La virilité est morte avec l’invention des armes à feu, disait un proverbe ottoman. Elle est morte une seconde fois avec la disparition du soldat citoyen. En Occident, la masculinité est séparée comme jamais de son incarnation militaire. Le temps est loin où un Theodore Roosevelt pouvait parler des « qualités de fer qui doivent aller de pair avec la vraie virilité ». Faut-il le regretter ?

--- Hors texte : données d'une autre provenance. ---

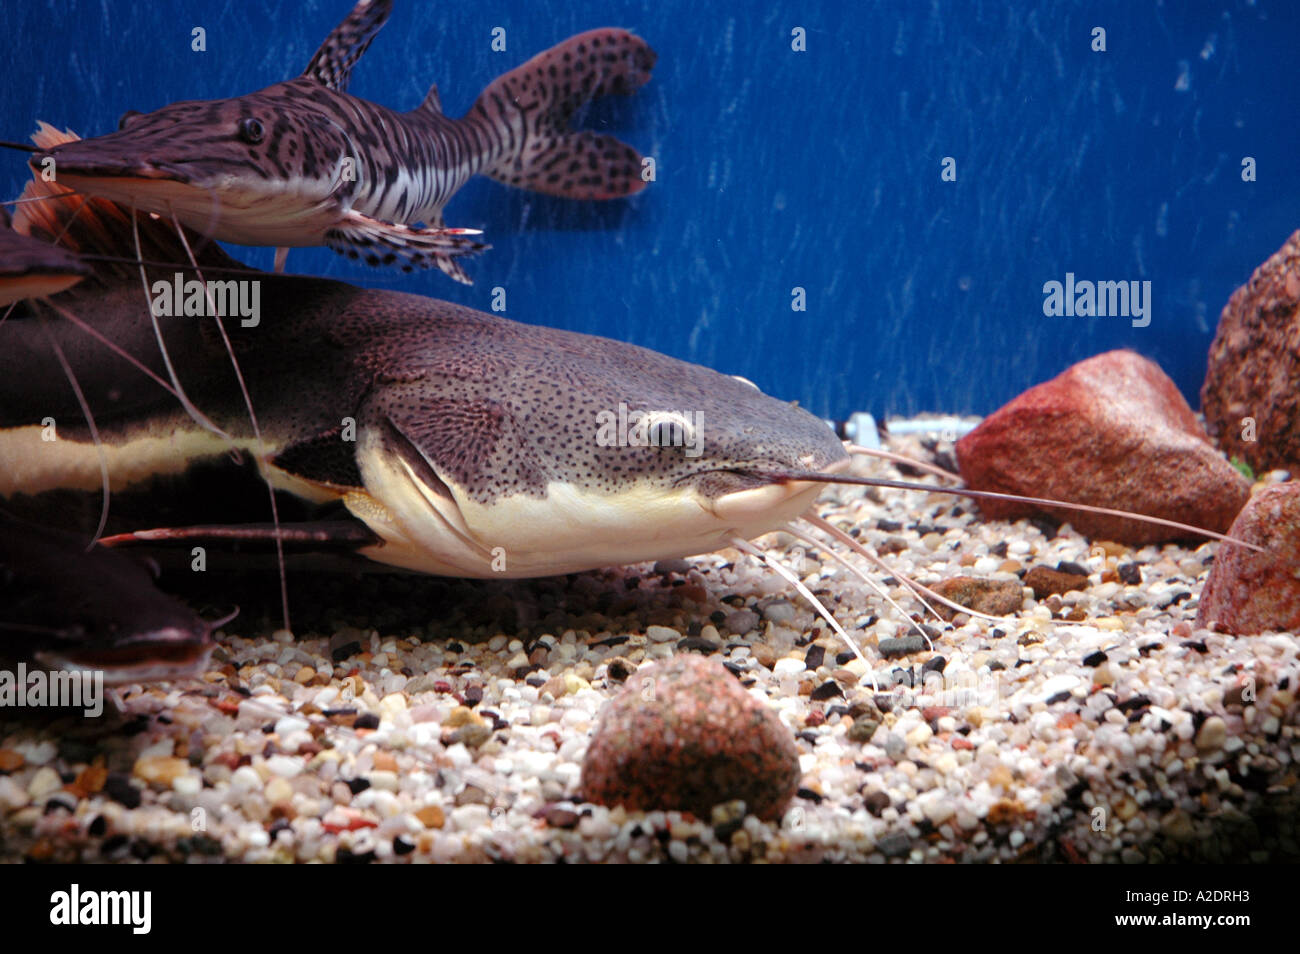 catfishes in aquarium Pseudoplatystoma fasciatum Tiger Shovelnose and Phractocephalus hemioliopterus Red-tailed catfish Stock Photo

« Quant à la guerre, dit Hector à Andromaque dans L’Iliade, elle est faite pour les hommes. » Par le passé, presque toutes les sociétés acceptaient cette idée sans se poser de questions, et dans deux sens différents. Puisque les hommes échappent à la grossesse, sont en général plus grands et plus forts et possèdent un cœur et des poumons plus gros, la guerre a traditionnellement été pensée comme leur domaine légitime et nécessaire, et non comme celui des femmes. Les rares exceptions apparentes à la règle contribuaient surtout à la confirmer. Dans l’Antiquité, Boadicée, reine des Icenis, conduisit ses guerriers britanniques contre les légions de la Rome impériale. Lakshmi Bai, rani de Jhansi, mourut en 1858 en combattant les armées du Raj. Mais il s’agissait là de souveraines, d’hommes à titre honorifique, en quelque sorte. Au début du XVe siècle, Jeanne d’Arc porta un ...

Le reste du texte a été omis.